A review by geetswrites
Sharp Objects by Gillian Flynn

challenging dark emotional mysterious reflective sad tense medium-paced
  • Plot- or character-driven? Character
  • Strong character development? It's complicated
  • Loveable characters? No
  • Diverse cast of characters? No
  • Flaws of characters a main focus? Yes

4.75

Phenomenal read. Gripping, twisting, piercing. The interweaving of the mystery/thriller elements and Camille's life, family and history was stellar. I've fallen in love with the way Gillian Flynn writes women, their complicated messiness, their individualism, their darknesses. I guessed the ending, or rather the answer to the mystery, fairly early on, but the point of the book was never that in the first place.

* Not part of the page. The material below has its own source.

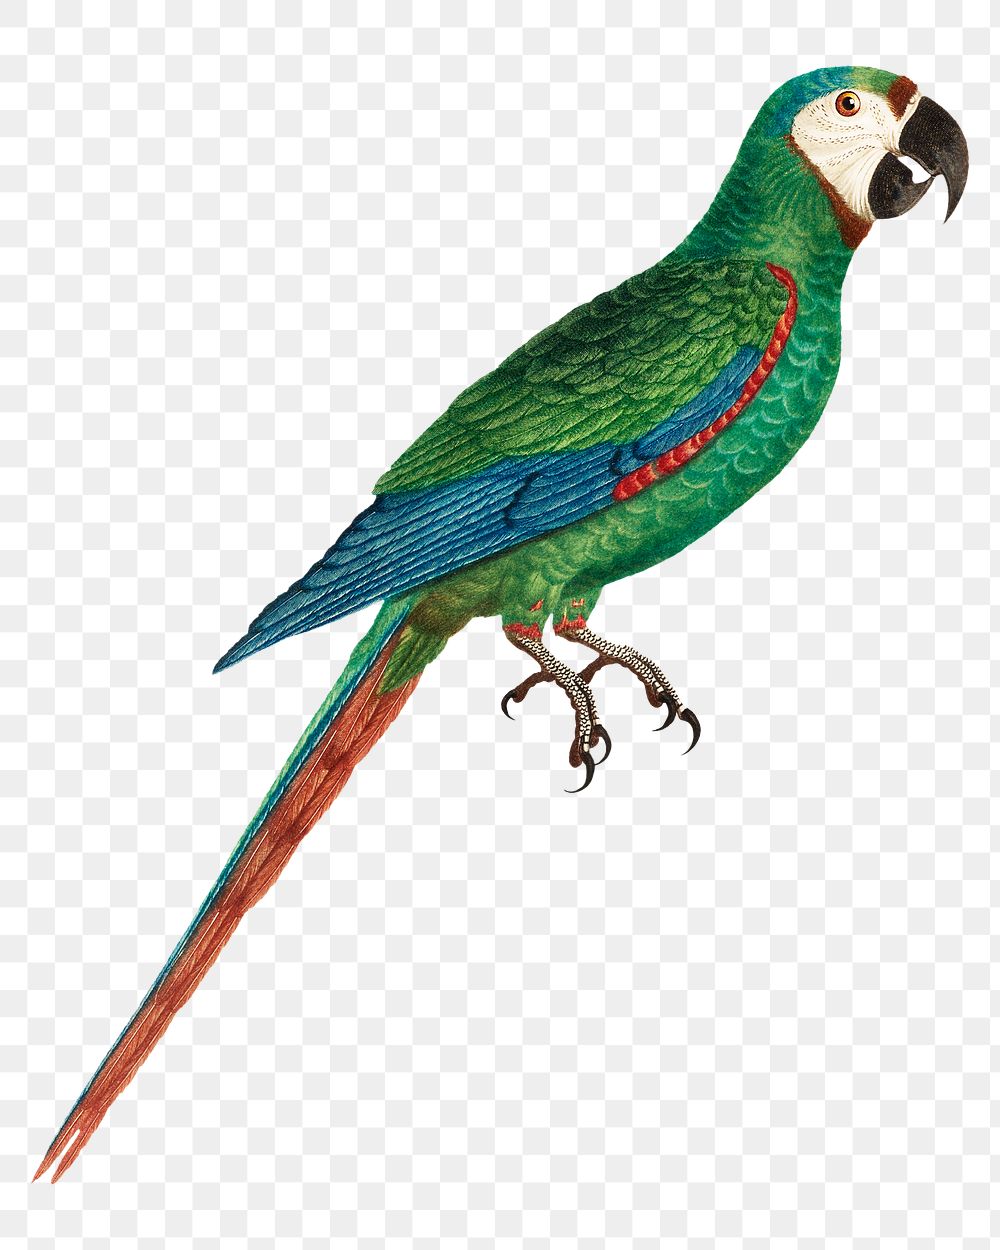 Blue-winged macaw parrot png bird sticker, vintage animal illustration, transparent background

The way Flynn keeps up the push and pull among the characters, the intrigue and the overwhelming feeling of impending doom throughout was especially masterful. The foreshadowing was just the right amount of eerie, innocuous where it needed to be for revelatory moments to feel especially satisfying, and glaring where the ominous realities needed to be spotlighted.

Camille's relationships— with her mother, with Amma, with side characters like Curry and Richard and John, but most importantly with herself— will stay with me for a long, long time. There are hauntingly relatable moments throughout, and for all its extreme severity, the core of the story is rooted in perfectly believable awfulness. The exploration of motherhood, daughterhood and selfhood as intertwined, bitter experiences supplemented by all the gruesome, unflinching imagery was revolting, painful and positively brilliant.

I can't possibly fit everything I think and feel about this book into this review, so I hope it suffices to say that I'm now completely enamoured by Flynn's writing, characters and thematic choices. Everything else she's ever written is immediately making it to the top of my TBR list. What an author.